**EXERCISE PROMPT**
Transcribe exactly the lines below that begin at the line with "Cost Reductions for" and stop after the line with "Realistic anthropomorphic wolf", leaving out every picture.

**DATASET CONTENT**
···

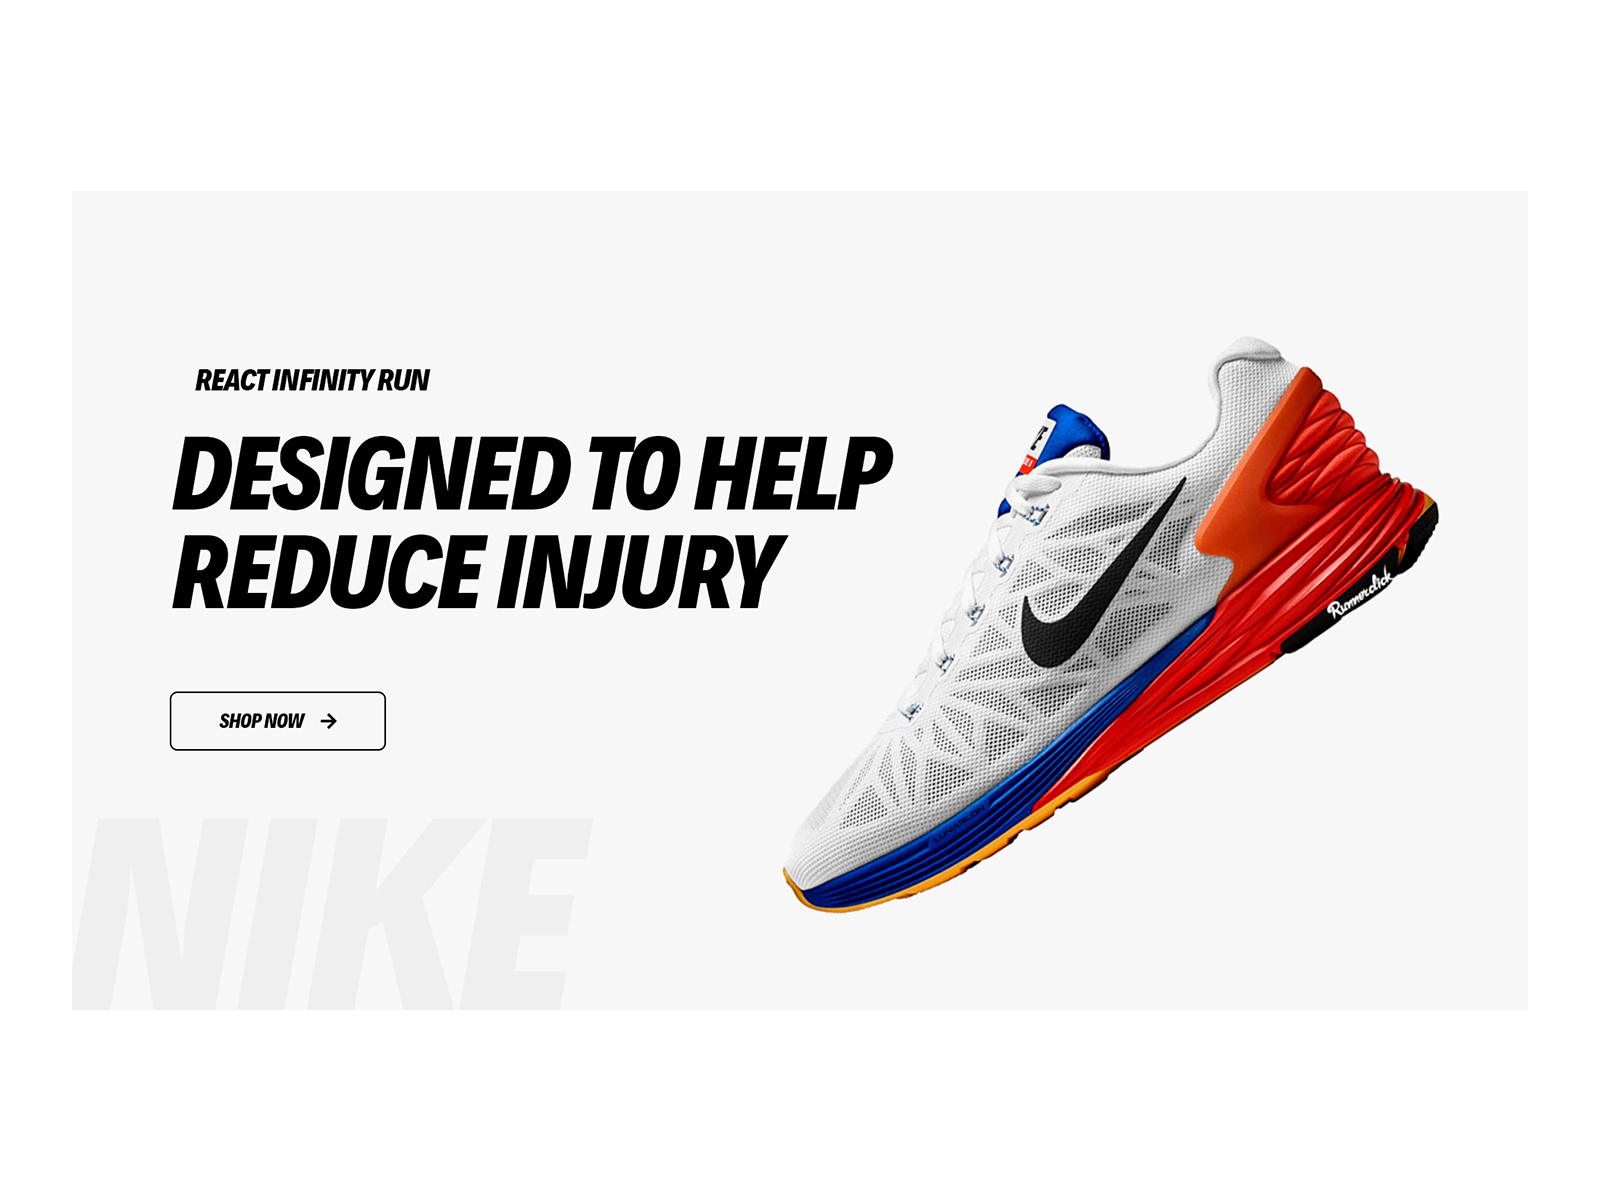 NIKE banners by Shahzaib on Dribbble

···

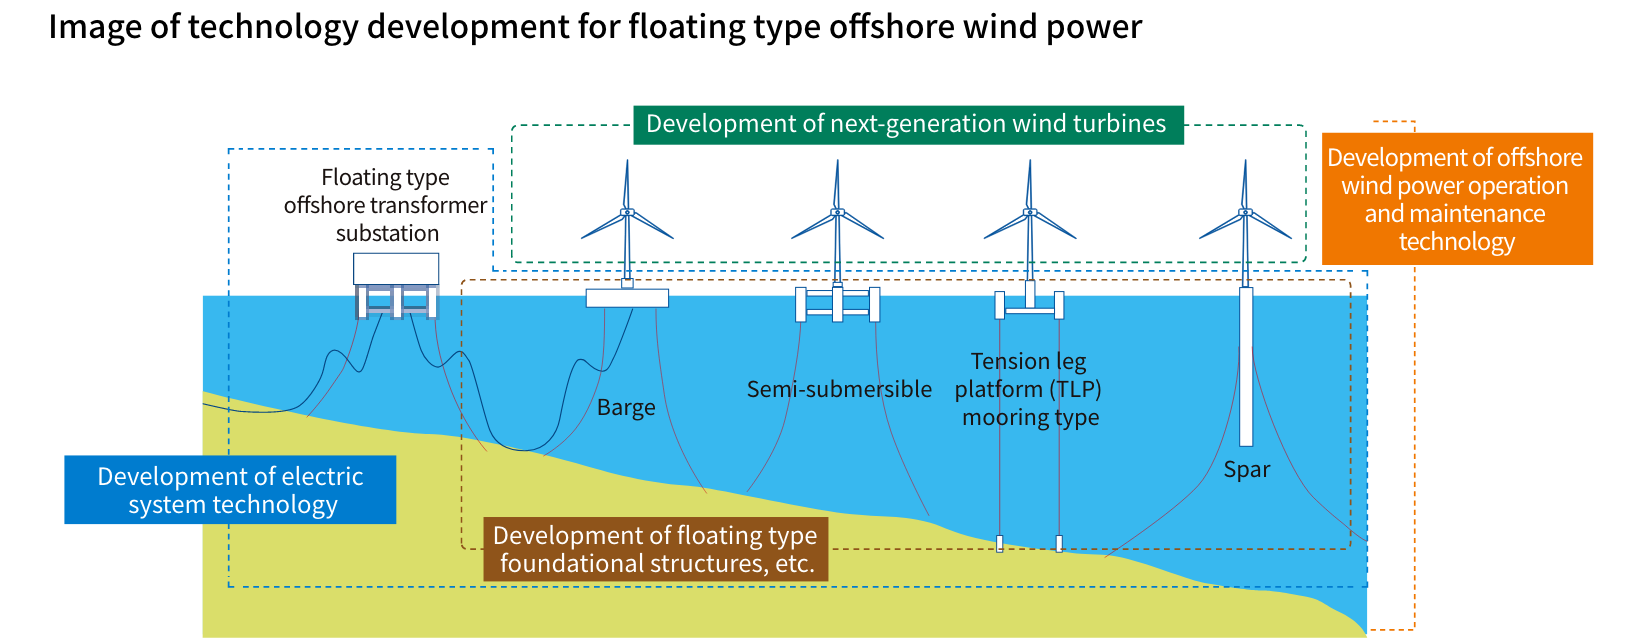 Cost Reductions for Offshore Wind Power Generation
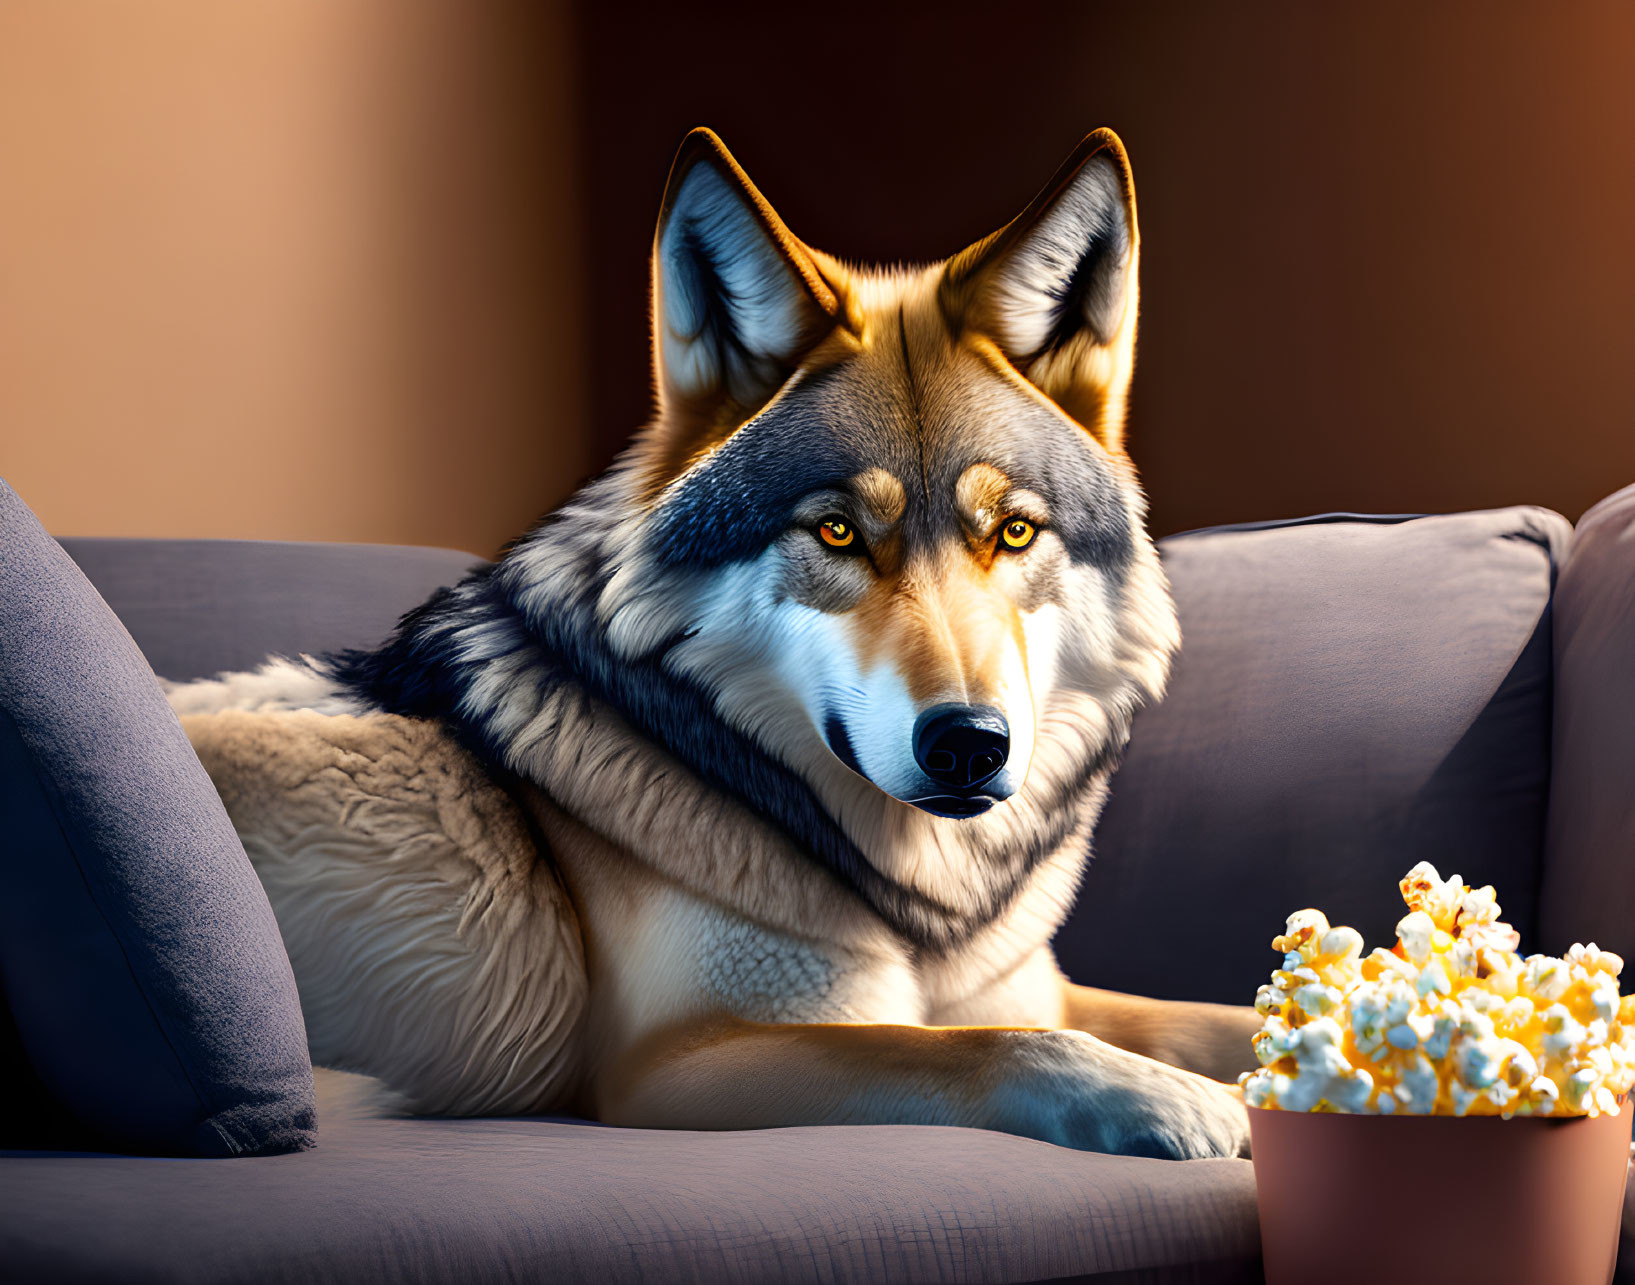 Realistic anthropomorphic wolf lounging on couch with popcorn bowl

···

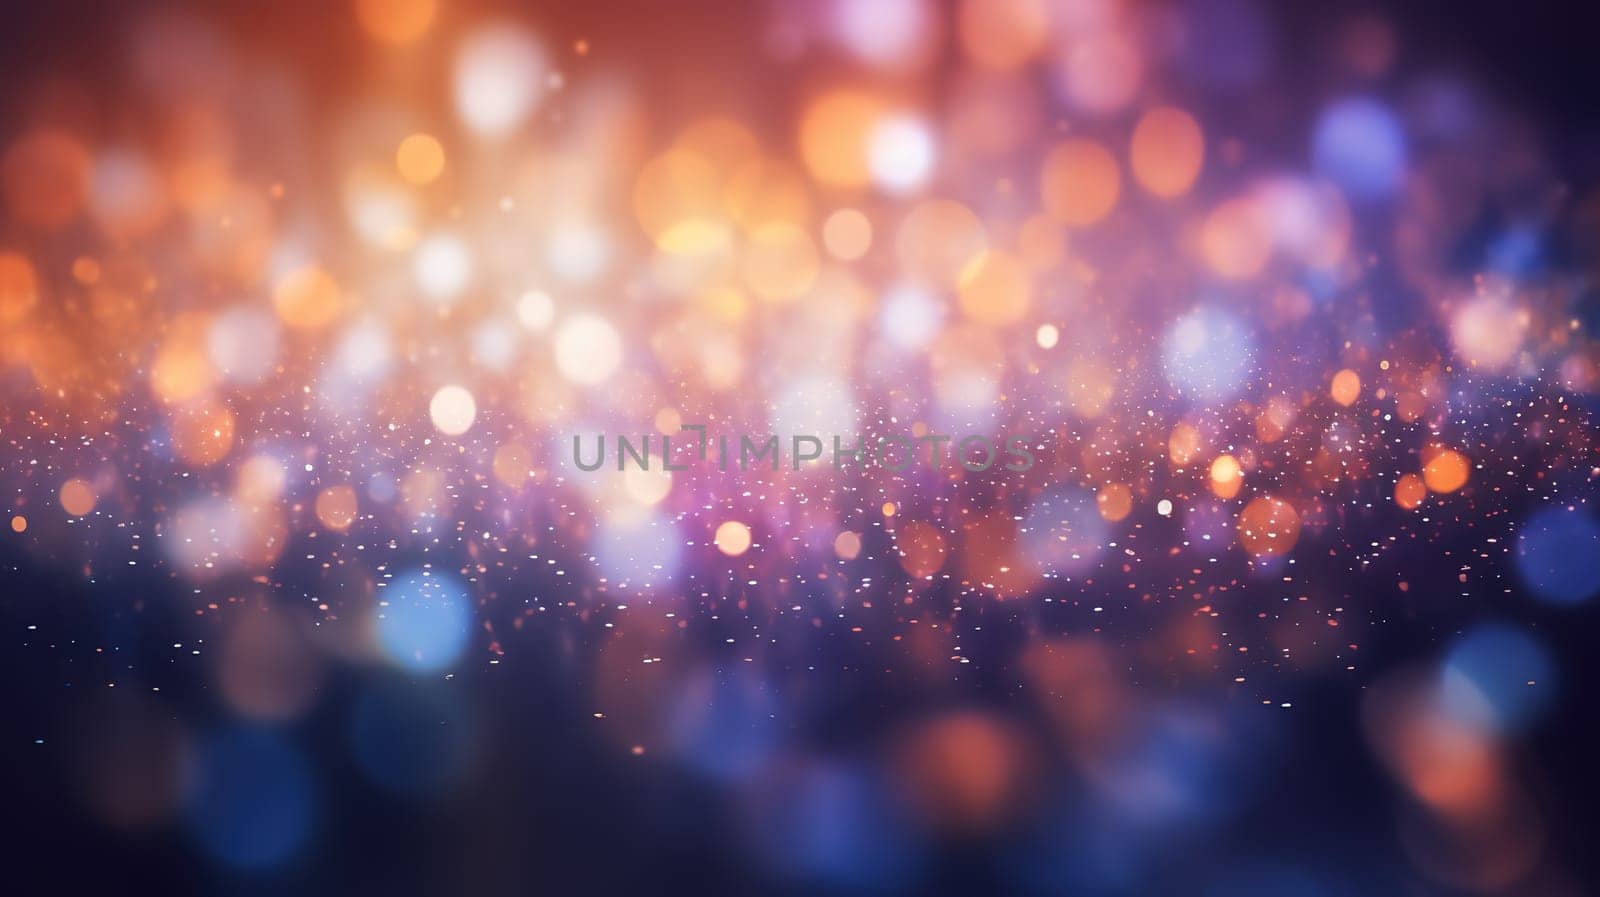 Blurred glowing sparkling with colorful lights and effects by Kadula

···

**WRITTEN SOLUTION**
 Cost Reductions for Offshore Wind Power Generation
 Realistic anthropomorphic wolf lounging on couch with popcorn bowl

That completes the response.